Start of Data shown

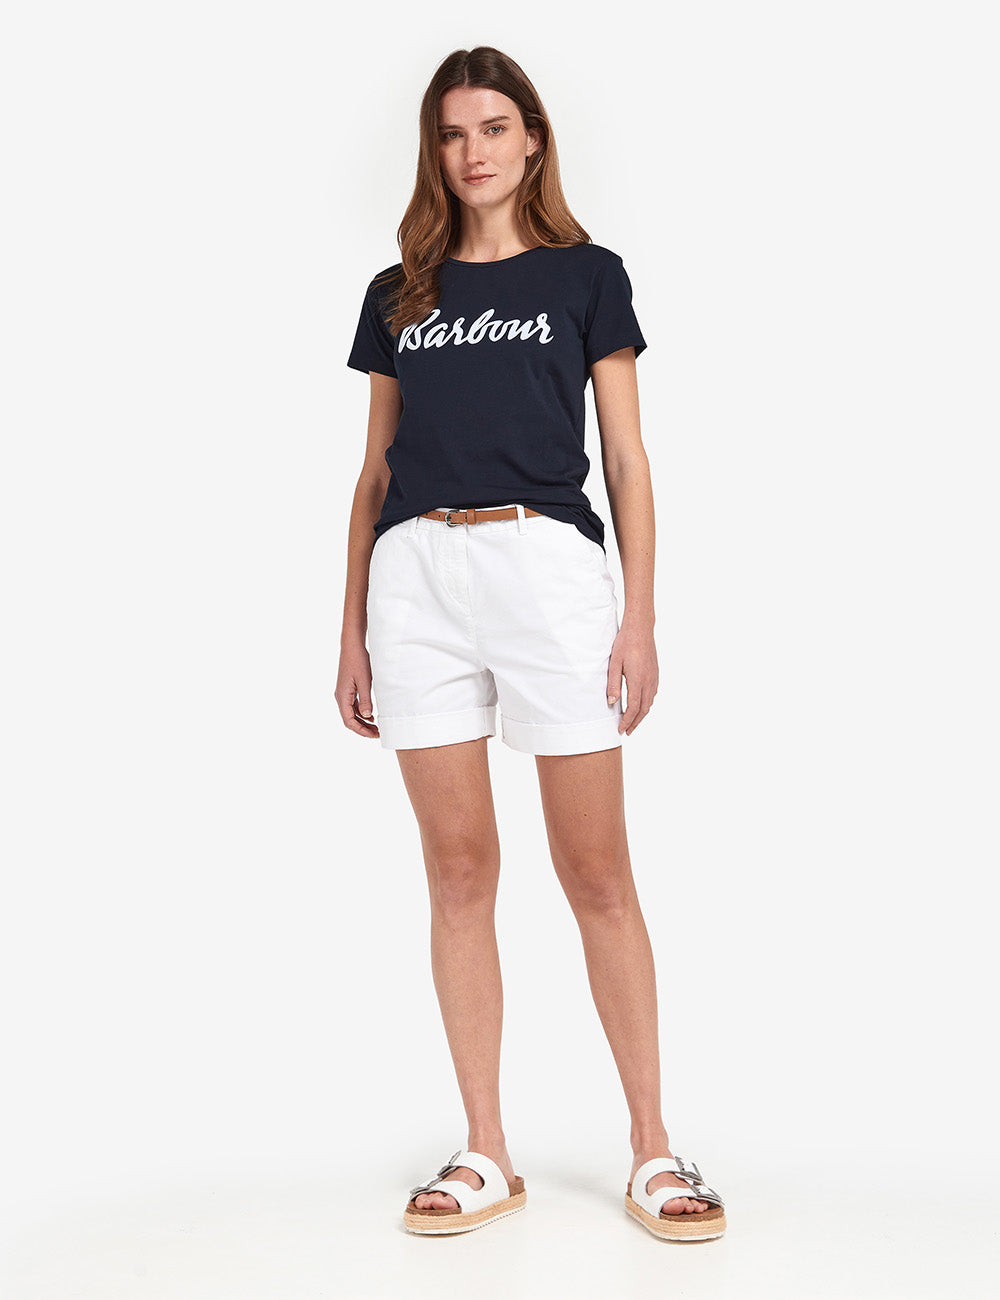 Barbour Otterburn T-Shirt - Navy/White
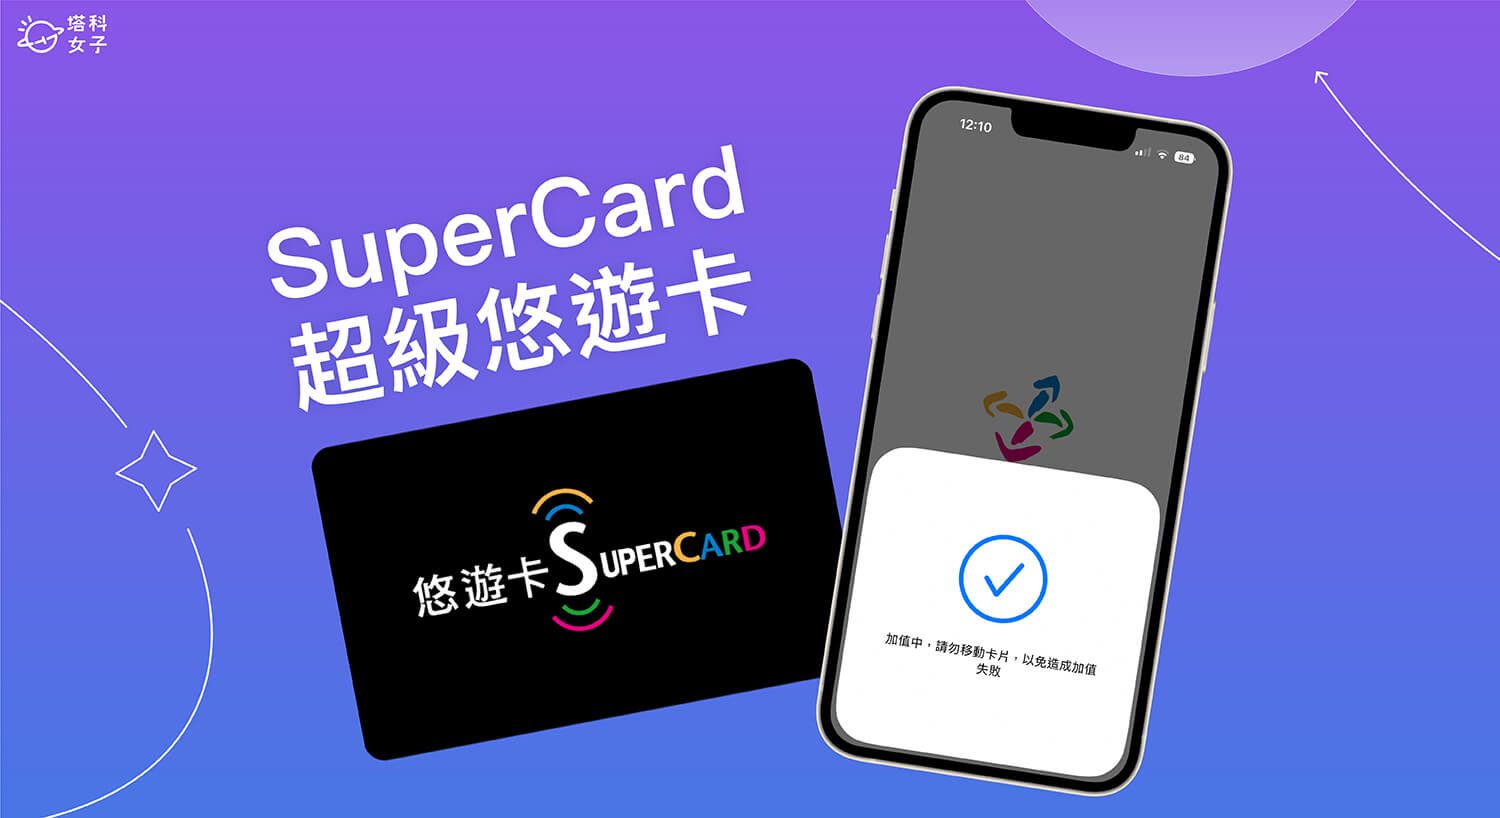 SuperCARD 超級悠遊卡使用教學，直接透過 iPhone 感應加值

End of Data shown
Start of Data shown

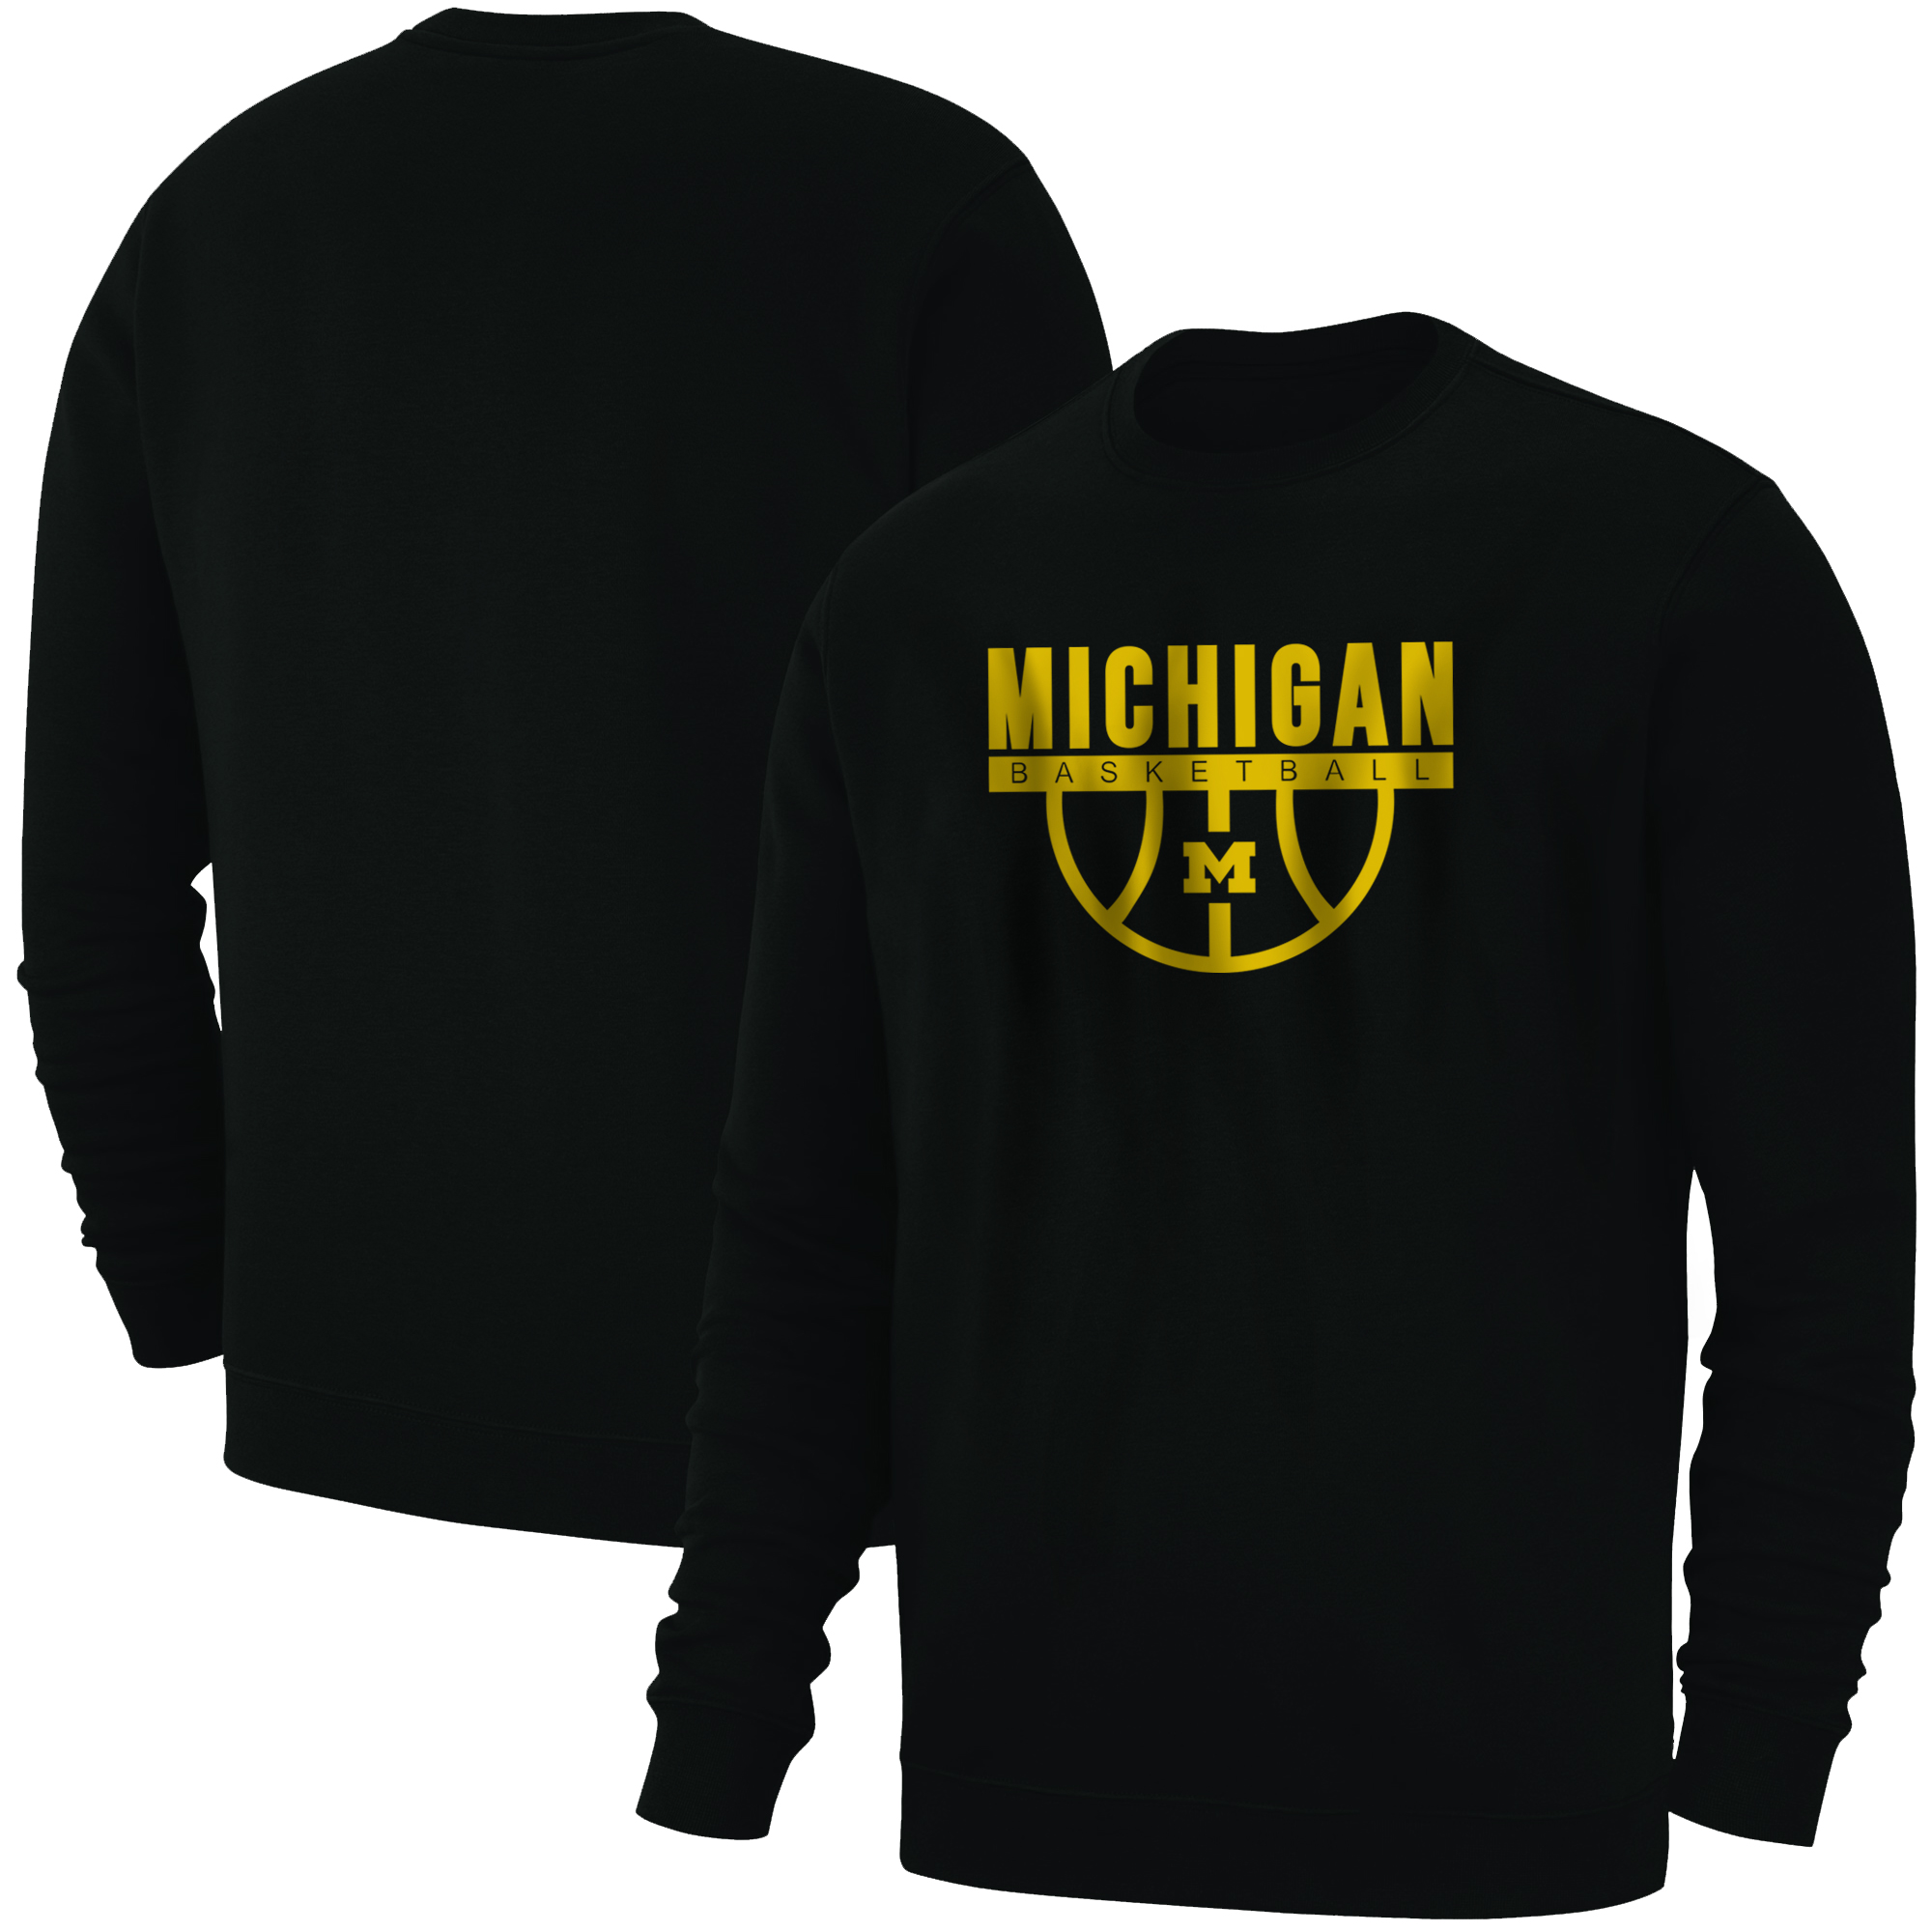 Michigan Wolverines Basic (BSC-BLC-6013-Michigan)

End of Data shown

◆ **Task to complete**:
Every line from the one with "Barbour Otterburn T-Shirt - Navy/White" through the one with "SuperCARD 超級悠遊卡使用教學，直接透過 iPhone 感應加值" is to be reproduced exactly as written above, and the pictures are to be dropped.

◆ **Expected answer**:
 Barbour Otterburn T-Shirt - Navy/White
 SuperCARD 超級悠遊卡使用教學，直接透過 iPhone 感應加值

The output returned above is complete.